» **DATASET EXTRACT**
- - -
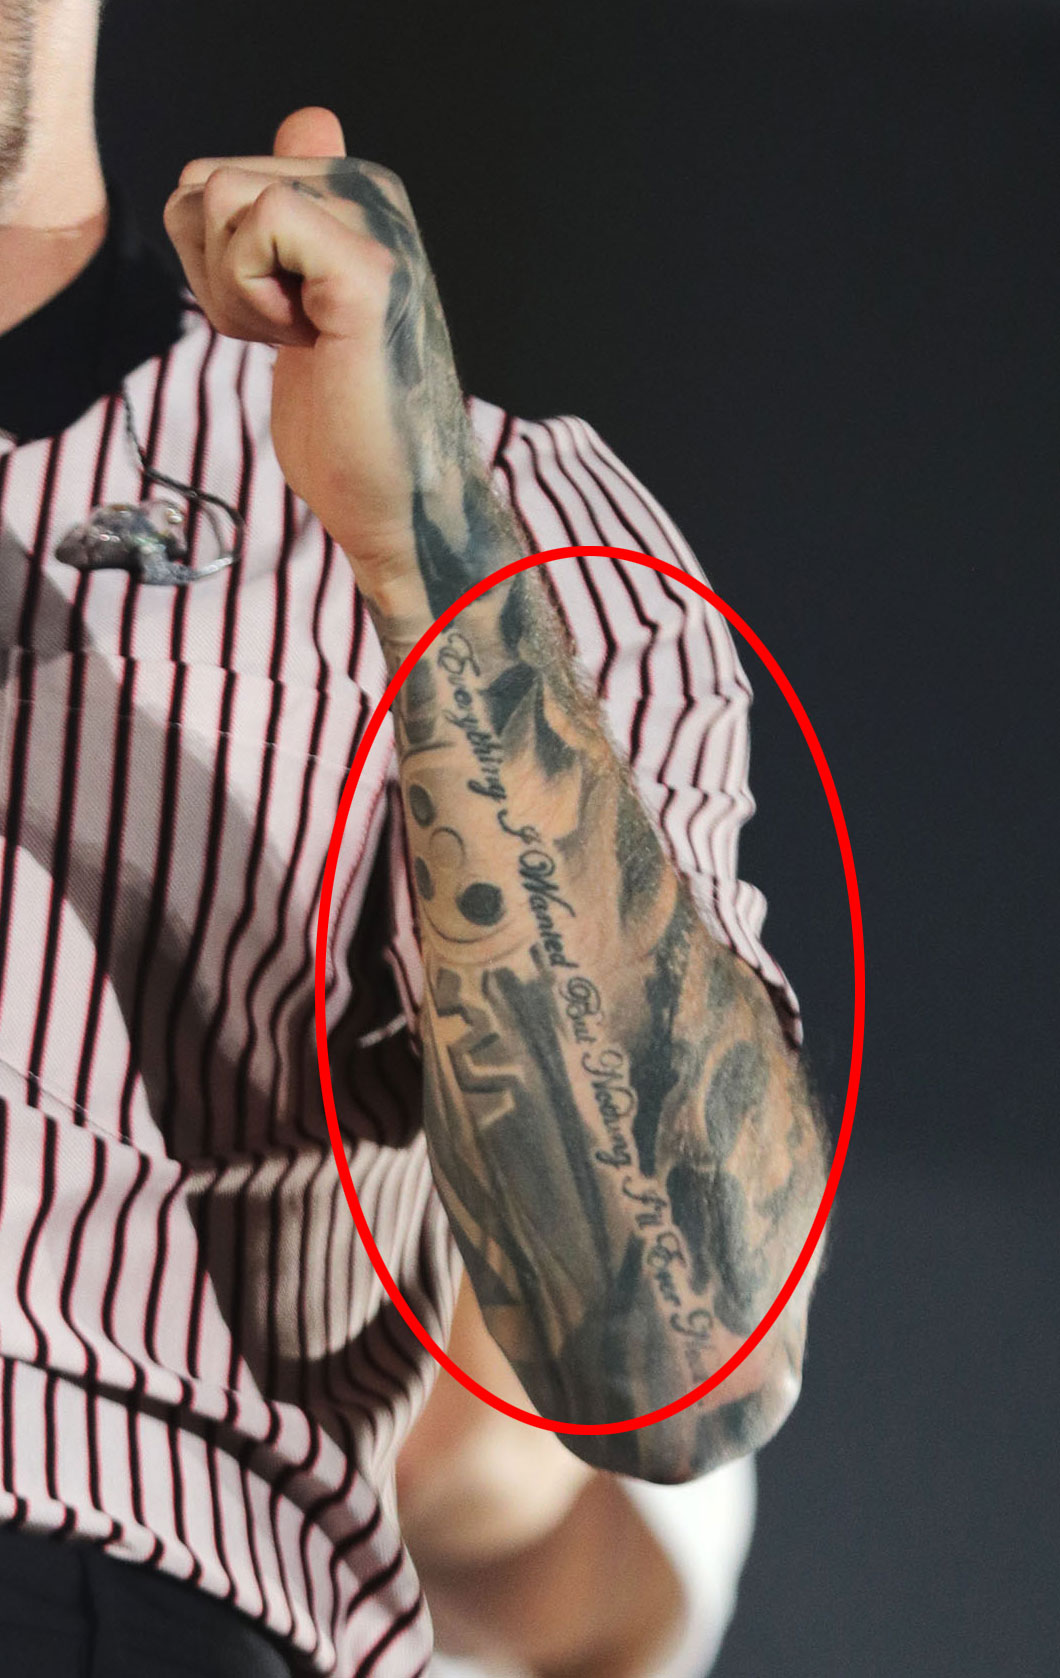 Liam Payne Tattoo Photos: Guide to Ink Designs, Their Meanings | J-14
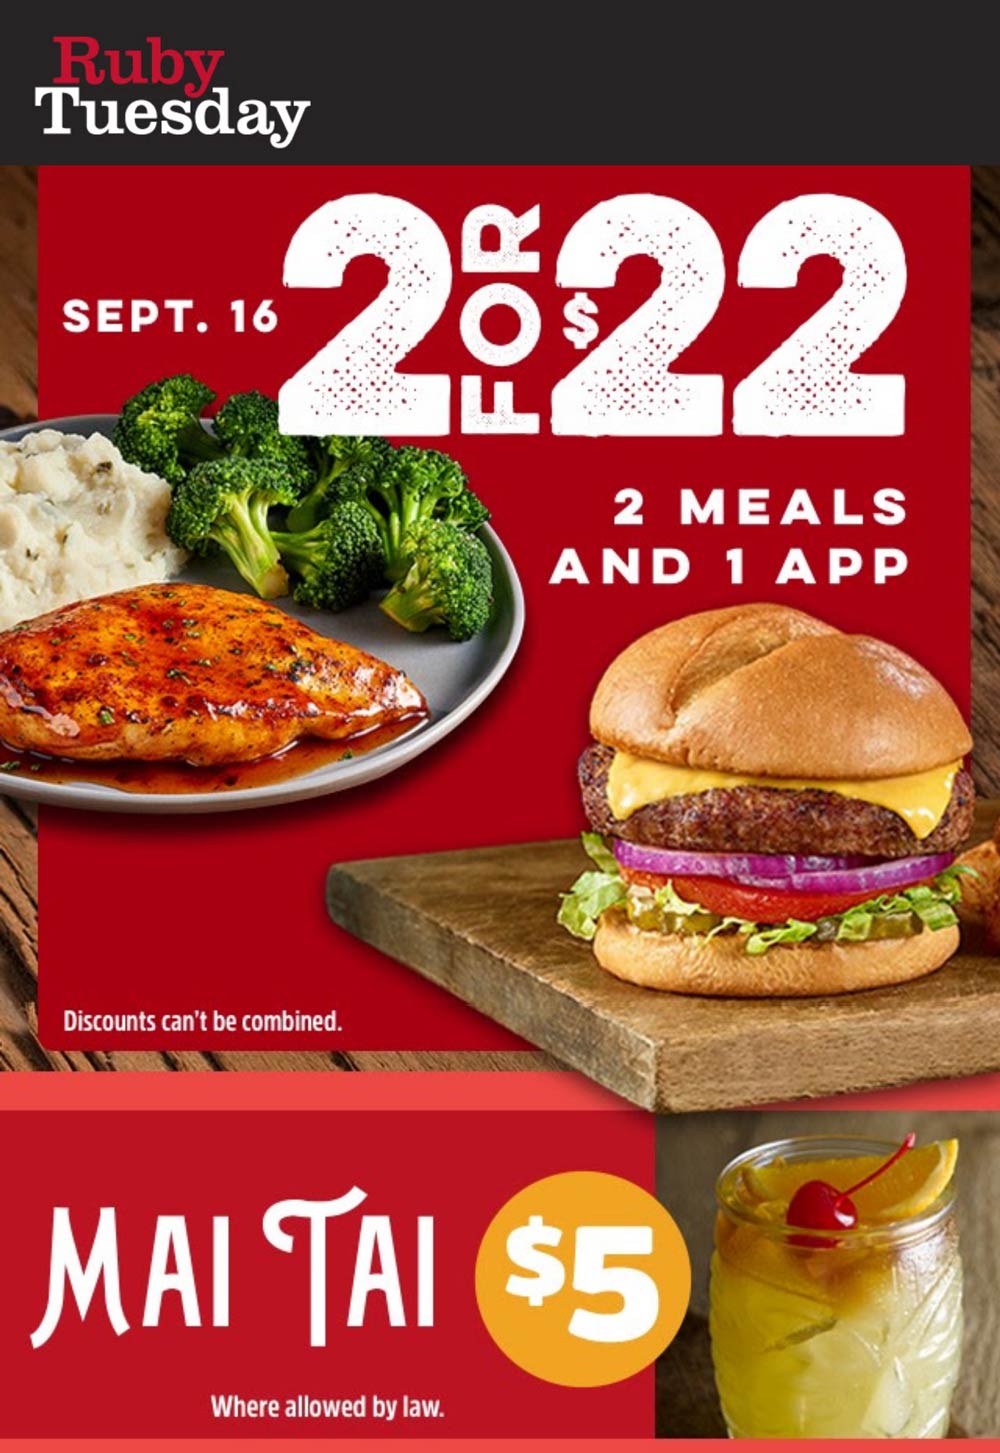 2 entrees + appetizer = 22 today at Ruby Tuesday rubytuesday The
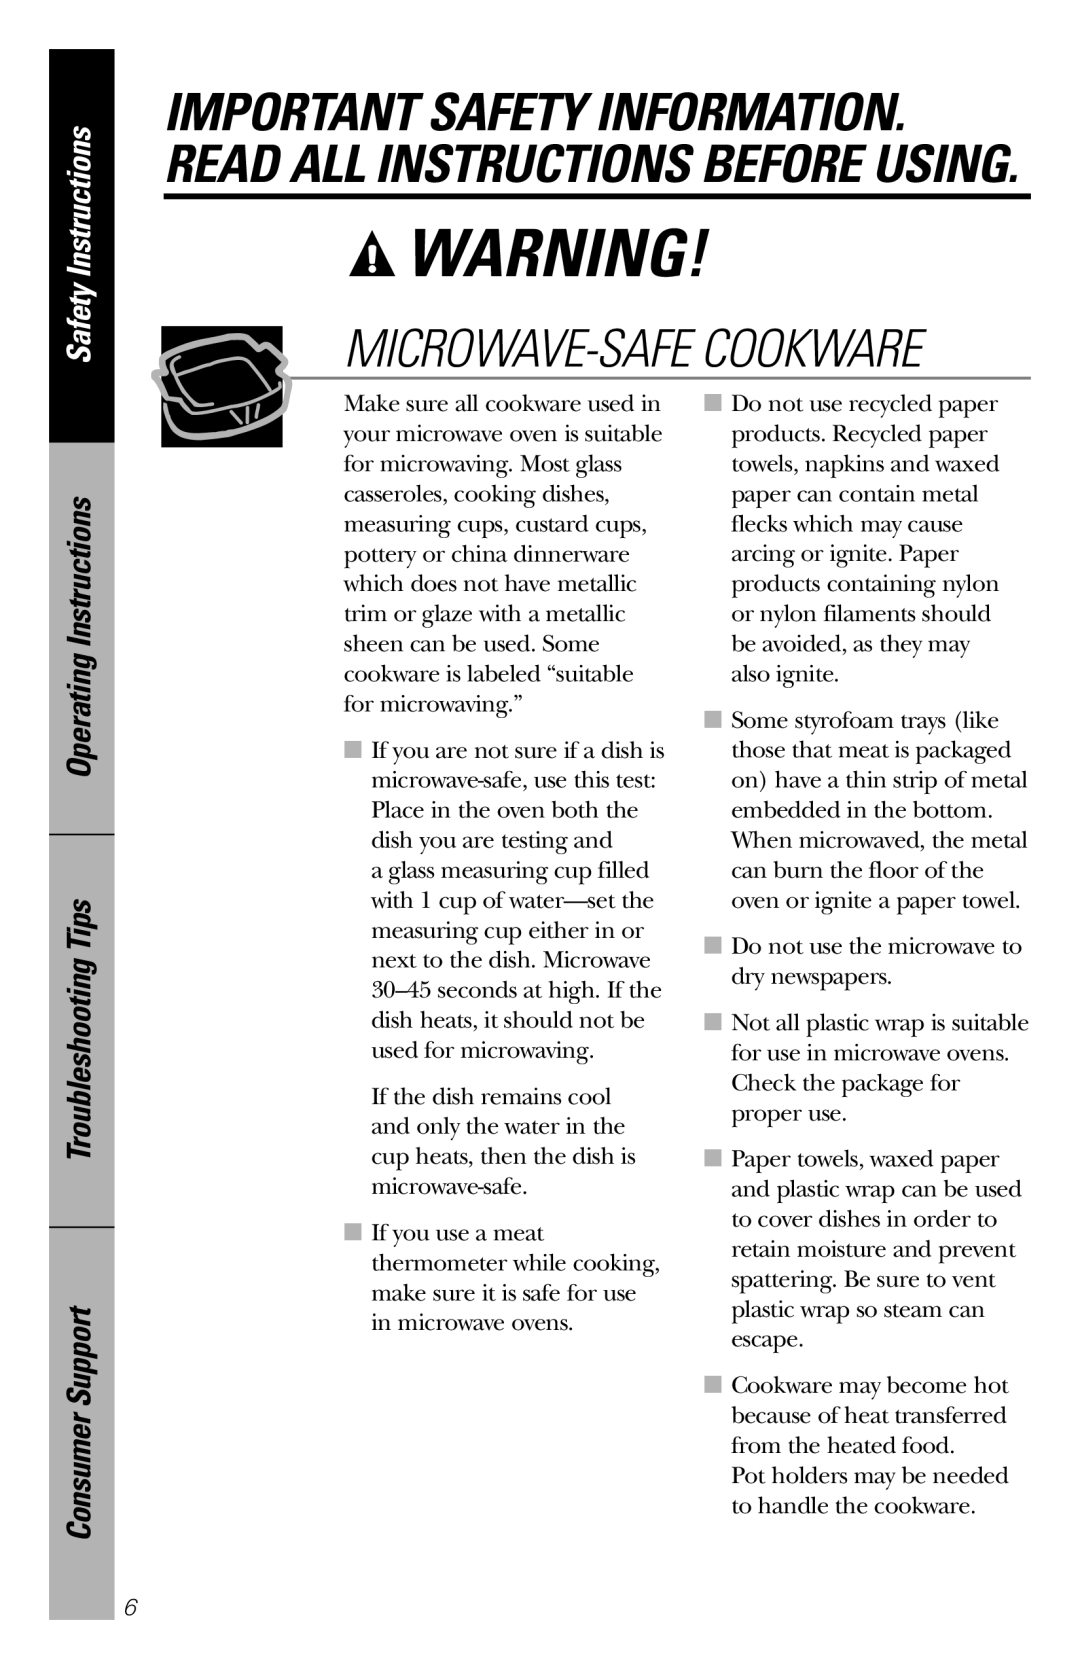 GE PEM31 Microwave-Safecookware, Safety Instructions, Operating Instructions Troubleshooting Tips, Consumer Support 
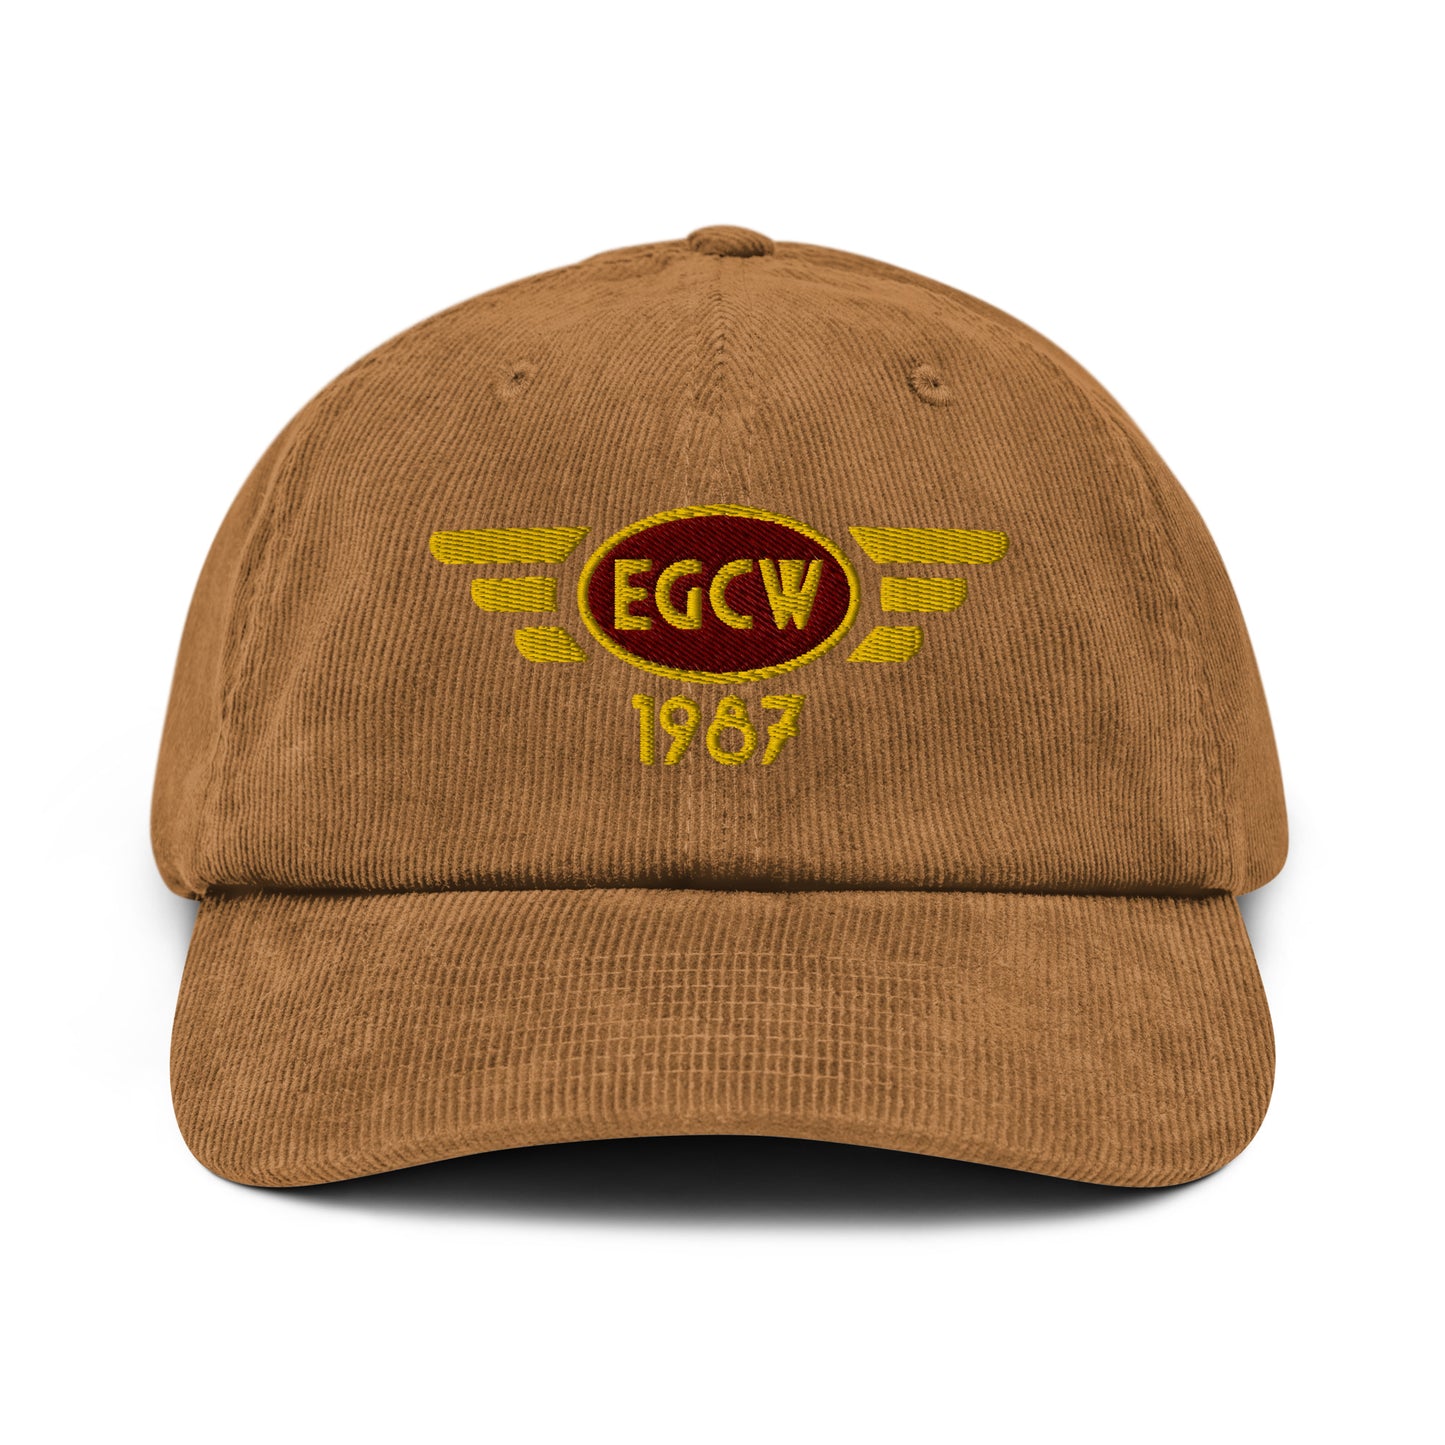 Welshpool Airport corduroy cap with embroidered ICAO code.
- - -
» **TASK**
Return the data exactly as it stands, minus the pictures.

» **OUTPUT**
 Liam Payne Tattoo Photos: Guide to Ink Designs, Their Meanings | J-14
 2 entrees + appetizer = 22 today at Ruby Tuesday rubytuesday The
 GE PEM31 Microwave-Safecookware, Safety Instructions, Operating Instructions Troubleshooting Tips, Consumer Support 
 Welshpool Airport corduroy cap with embroidered ICAO code.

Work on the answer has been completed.